Obesity is a recognized and studied risk factor for the development of esophageal adenocarcinoma (EG). Chronic gastroesophageal reflux disease (GERD) and subsequent development of Barrett’s esophagus are the leading cause for the increased incidence of cancer in such individuals. Pathophysiologic mechanisms leading to GERD in obese patients involve the presence of hiatal hernia, weak lower esophageal sphincter (LES), transient LES relaxation, altered gastroesophageal pressure gradient, and esophageal factors (for example, poor esophageal clearance and altered esophageal motility) [61]. Although these are the most important factors, other reflux-independent mechanisms can be involved, such as low-grade chronic inflammatory state, metabolic syndrome with increased circulating hormones with carcinogenic effect, including insulin and insulin-like growth factor [62].
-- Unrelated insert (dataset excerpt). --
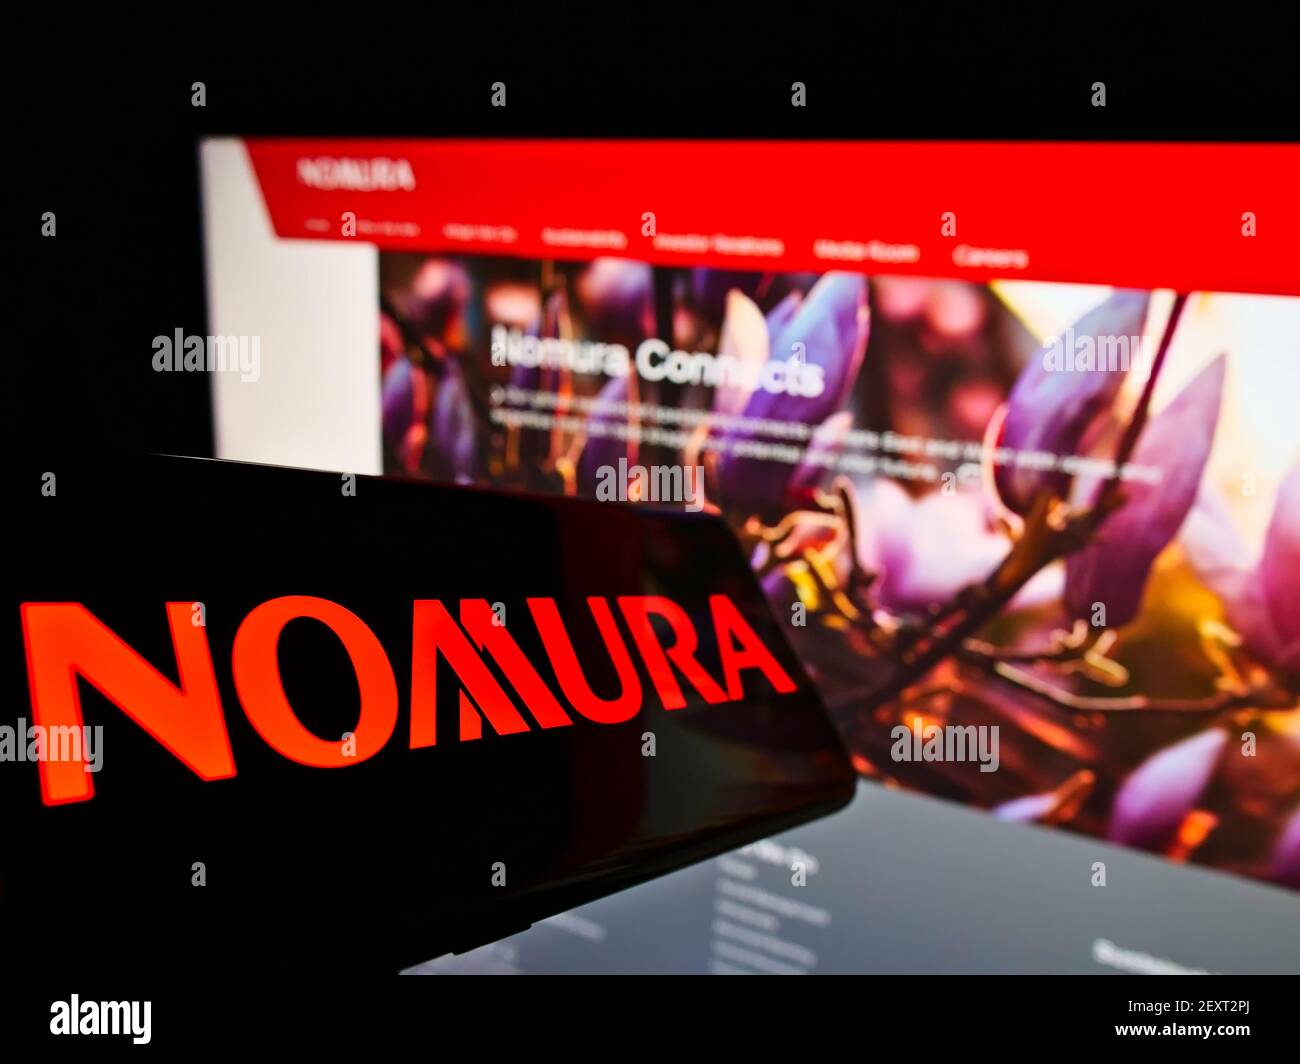 Cellphone with logo of Japanese financial company Nomura Holdings K.K. on screen in front of business website. Focus on center of phone display. Stock Photo
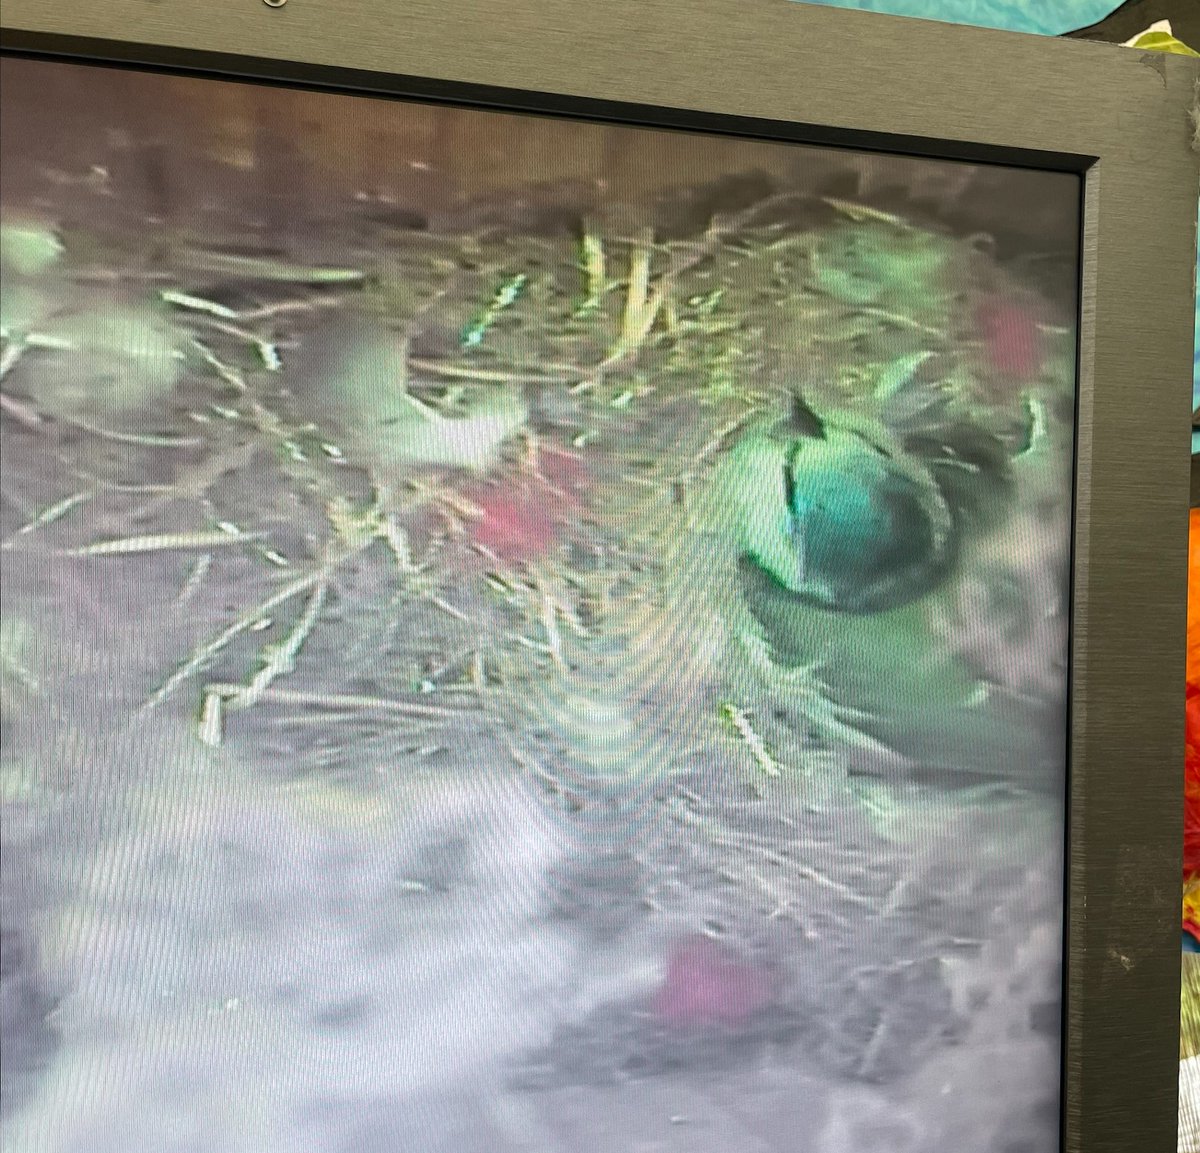 Our birdbox webcam is up and running with a family of bluetits. 8 out of the 10 eggs have so far hatched. The photo isn't too clear but the children have been watching the mother bird bring food for her chicks. #babychicks #springfieldsmiles

However, in these days, with the obesity epidemic, an increasing number of bariatric surgeries are being performed worldwide and some cases of esophageal cancer after metabolic surgery are being reported. Esophageal cancer after surgery was considered rare and the majority, in the past, were only published as sporadic case reports [62].

More studies are beginning to address this issue with theories concerning the possibility of a causal relationship. Reported cases of gastric carcinoma classically arise in a milieu of intestinal metaplasia, atrophy, and foveolar hyperplasia both in restrictive procedures and in Roux-en-Y Gastric Bypass (RYGB) remnant [62]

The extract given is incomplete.